Your assignment: In the records that follow, find the line containing "25 Funniest April" and the line containing "Musik - Raoul", then transcribe both and every line between them exactly, omitting pictures.

Records supplied:
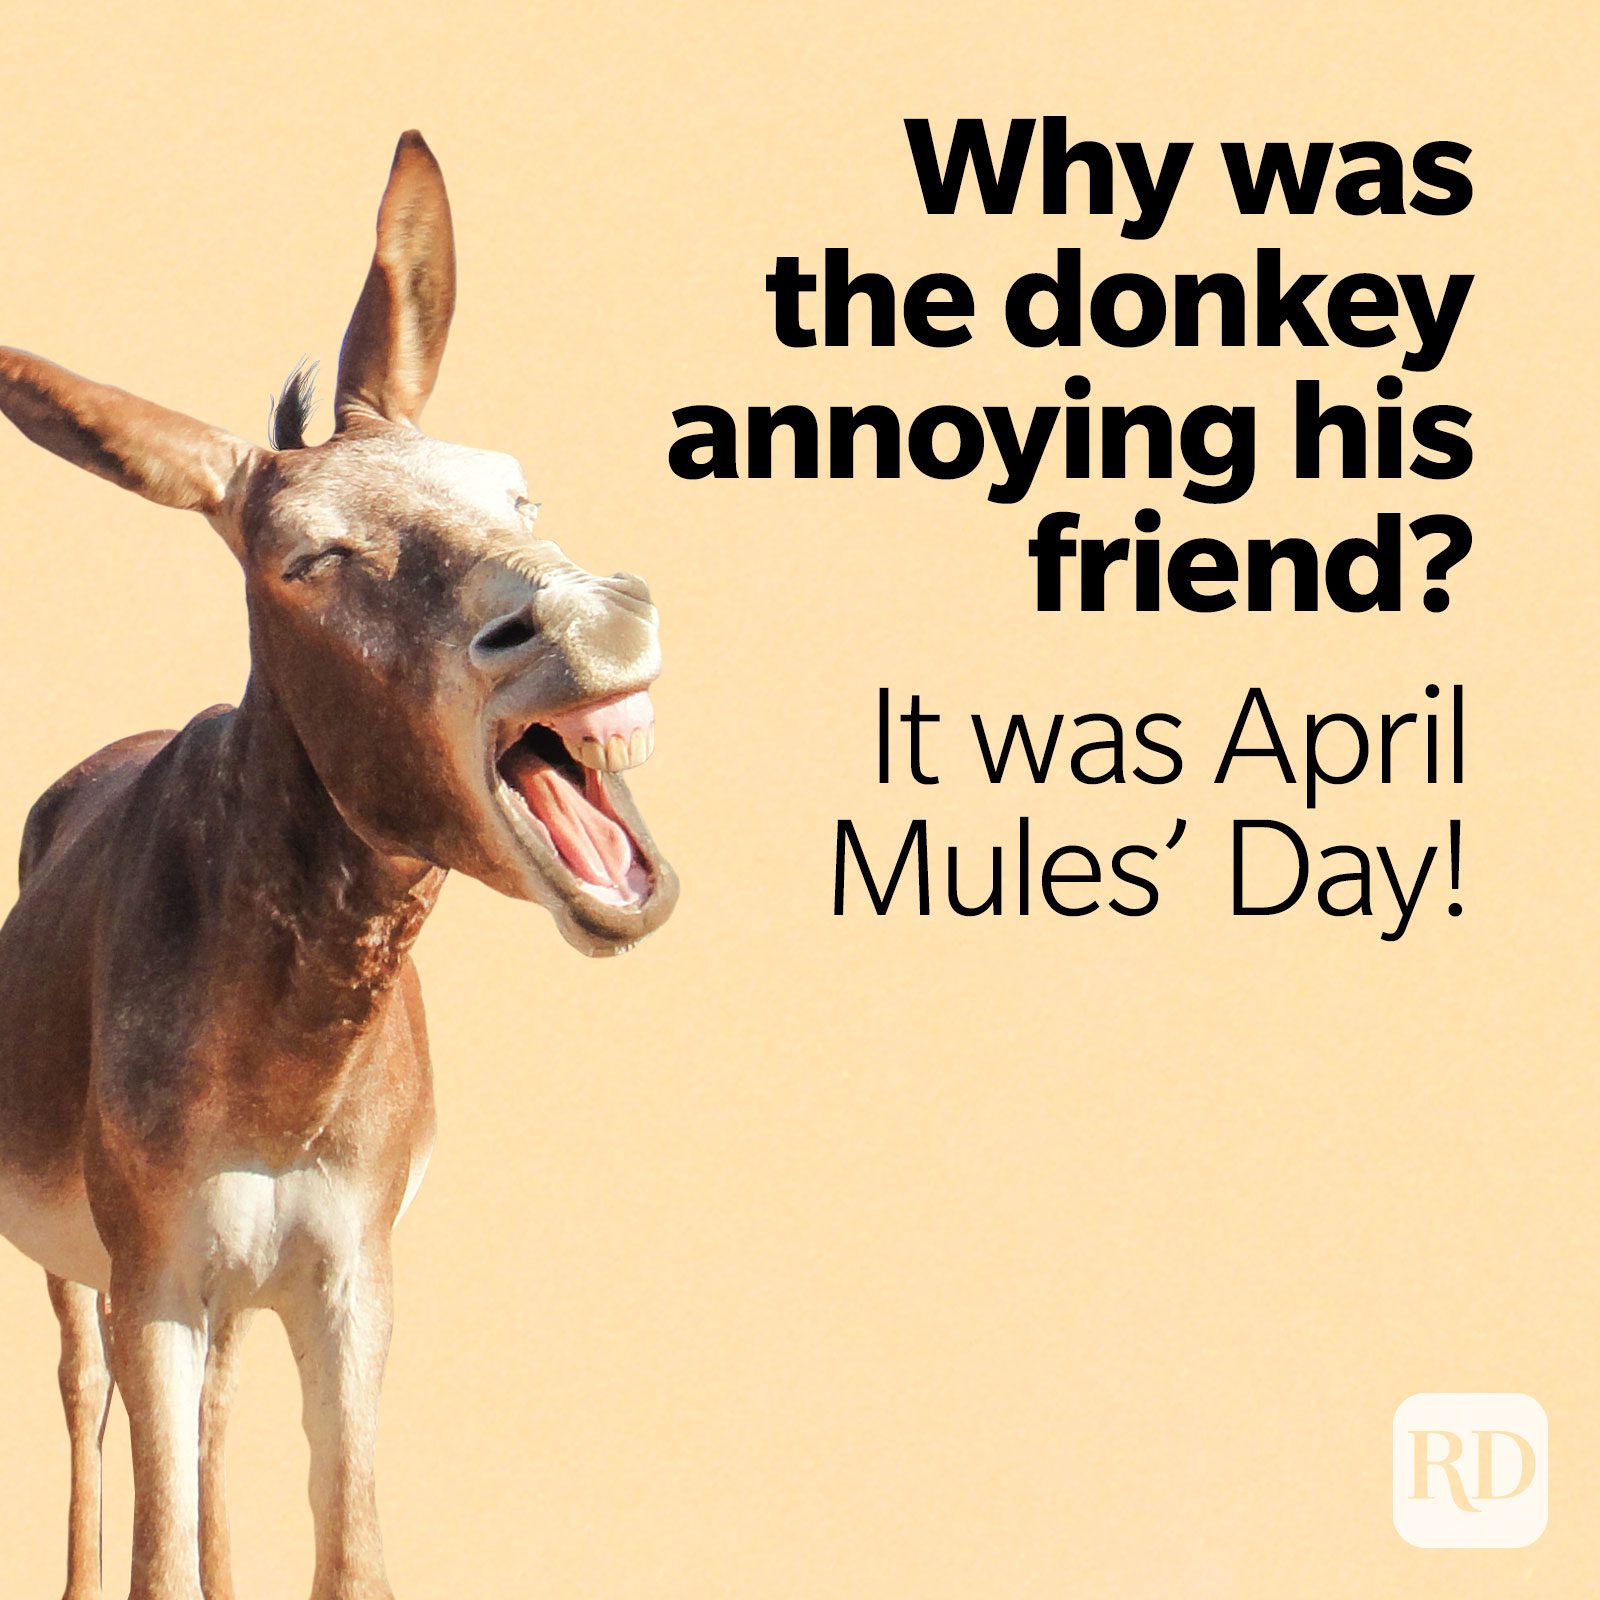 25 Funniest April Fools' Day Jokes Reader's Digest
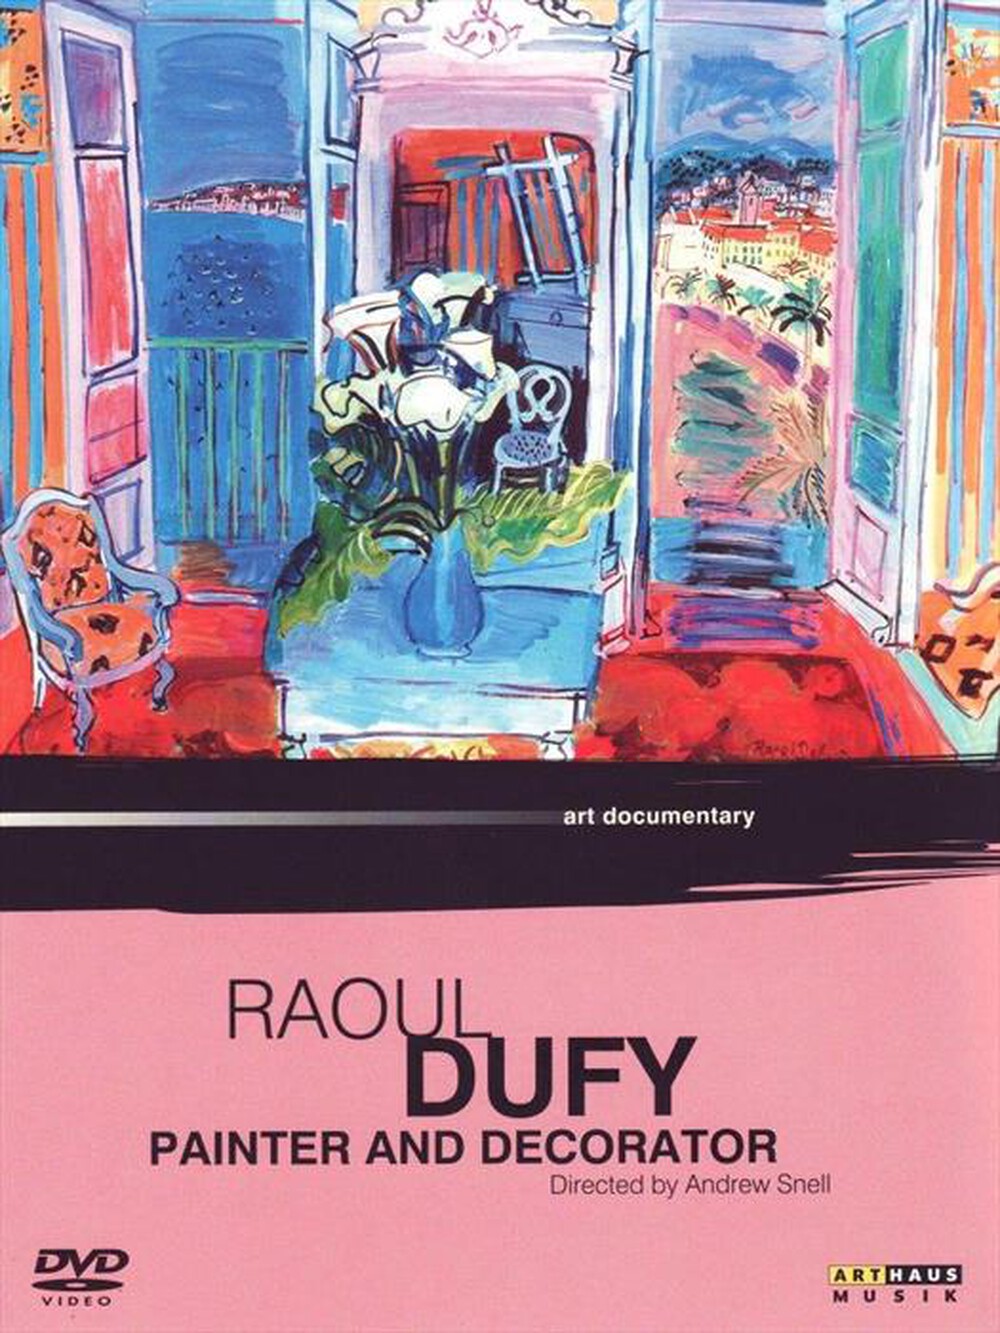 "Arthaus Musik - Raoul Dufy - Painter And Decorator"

==

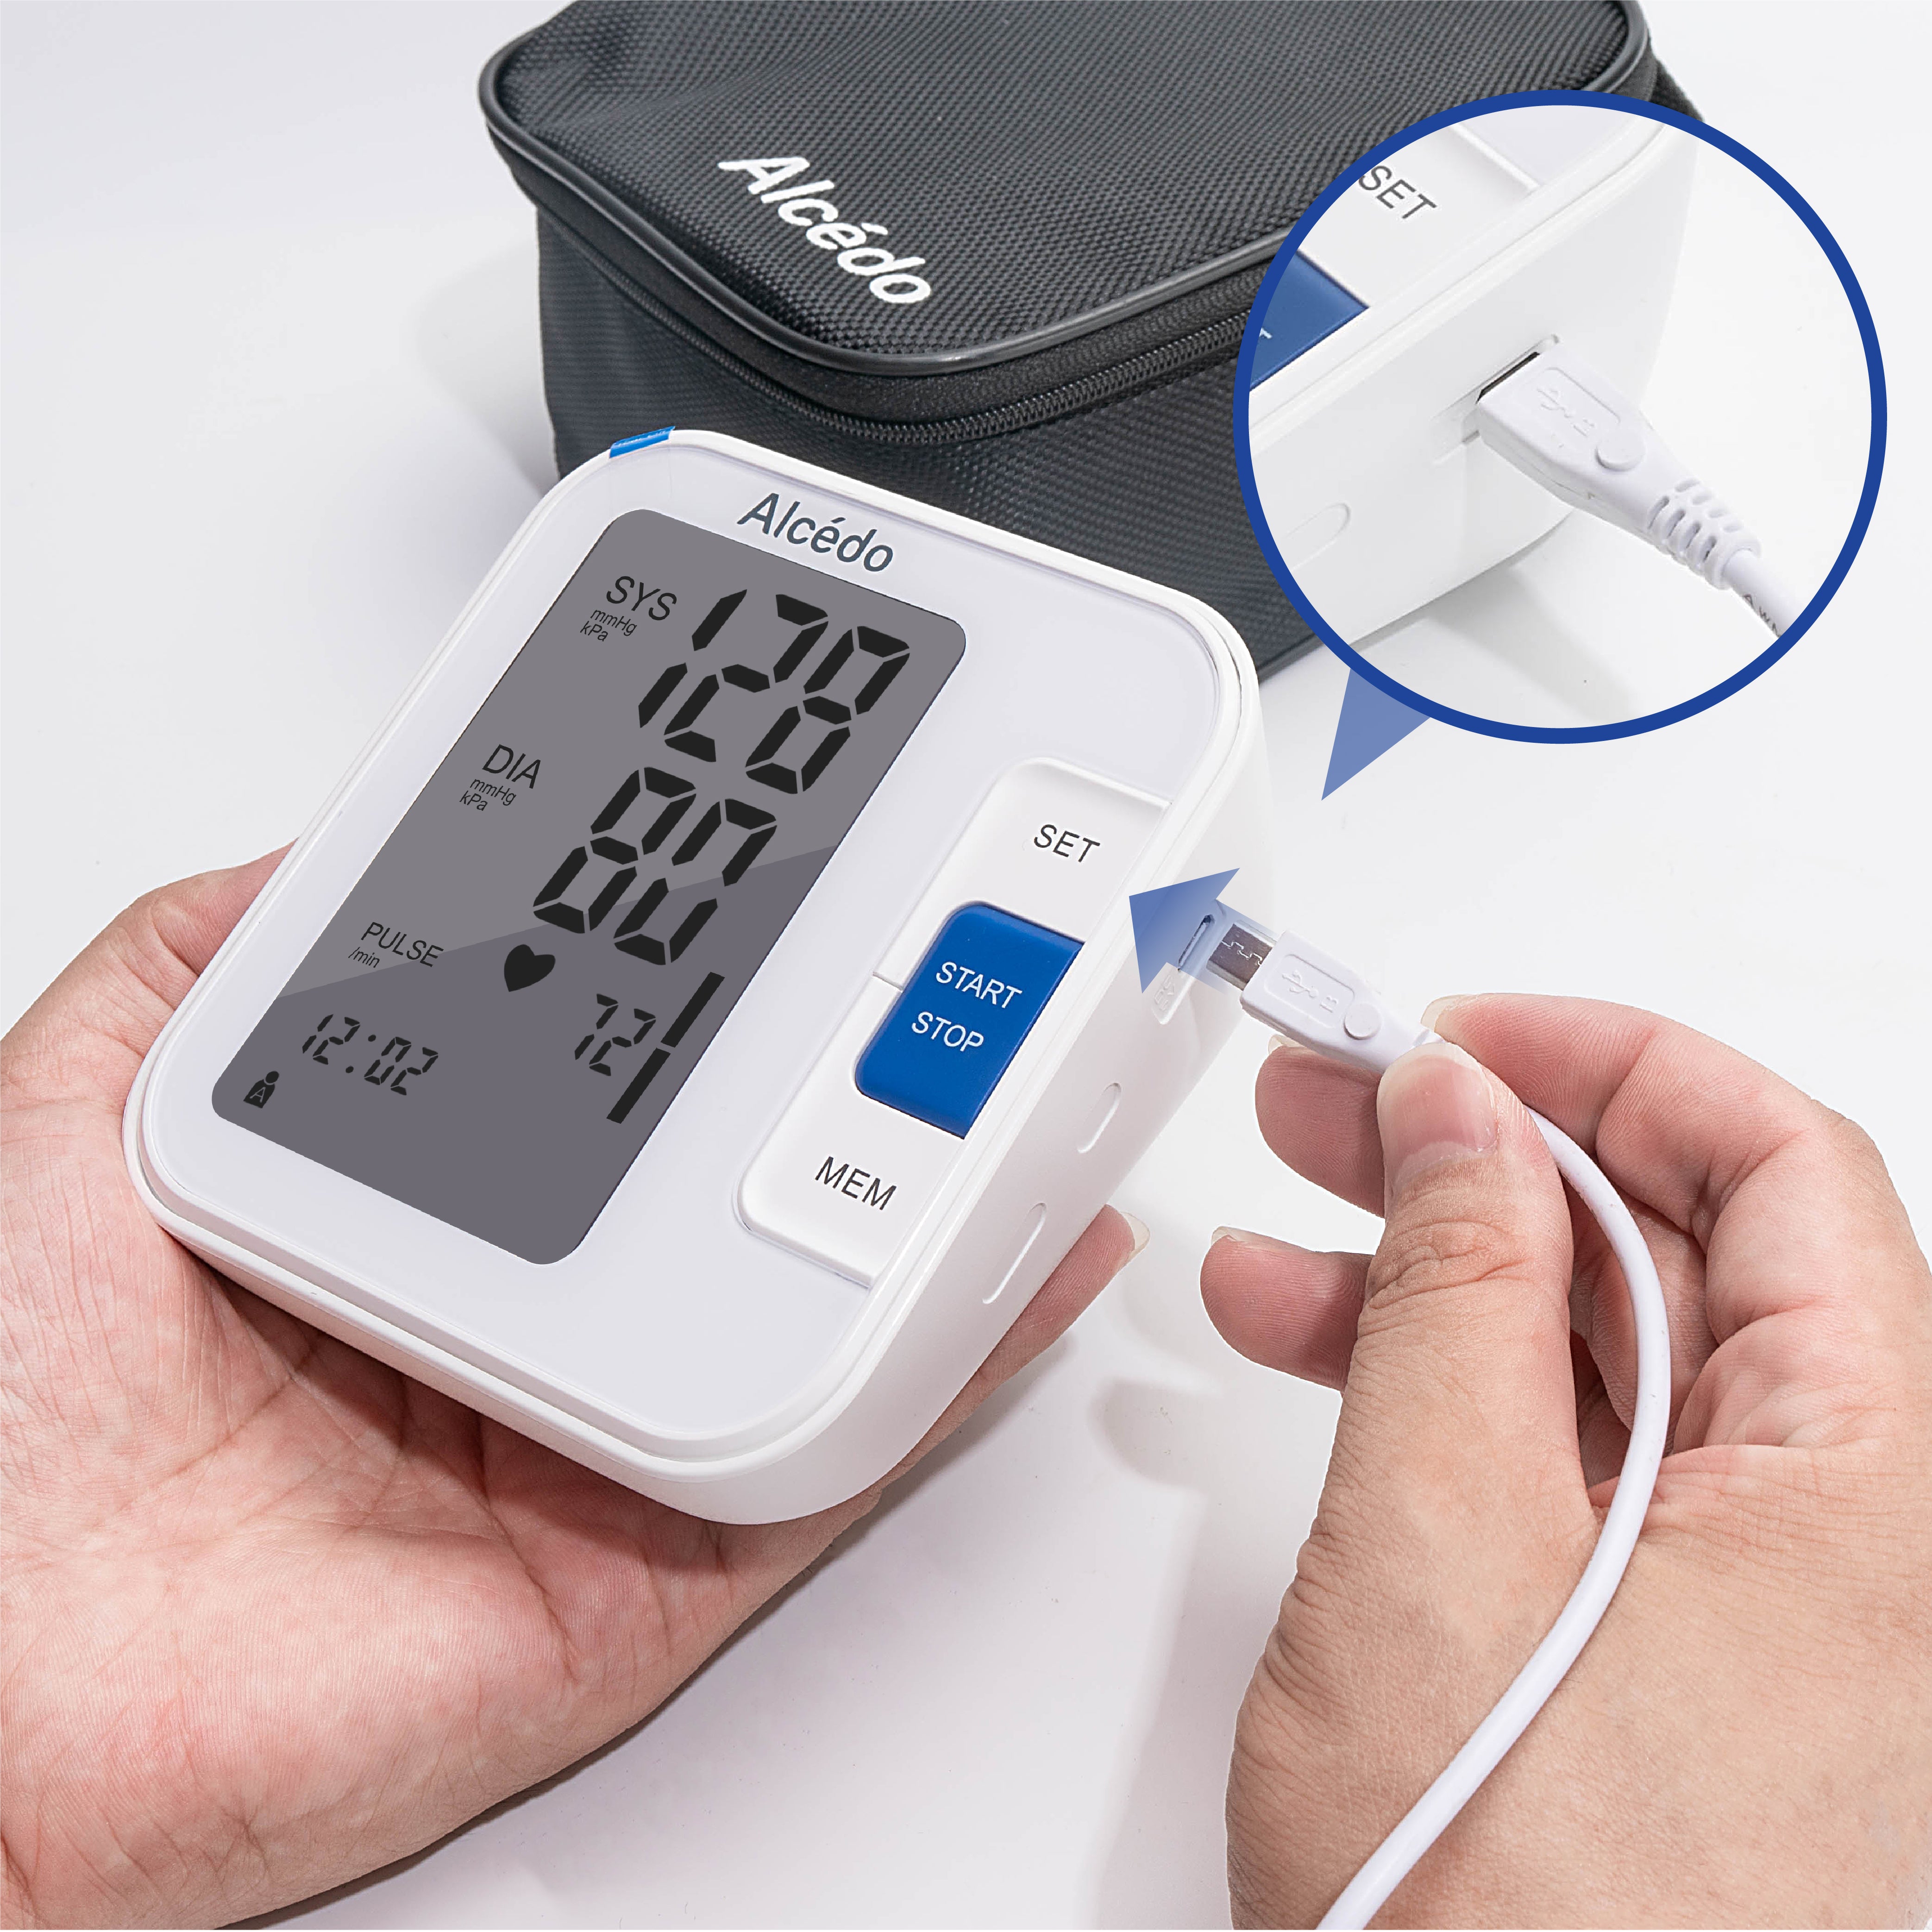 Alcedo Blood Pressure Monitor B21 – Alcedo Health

Result of the exercise:
 25 Funniest April Fools' Day Jokes Reader's Digest
 "Arthaus Musik - Raoul Dufy - Painter And Decorator"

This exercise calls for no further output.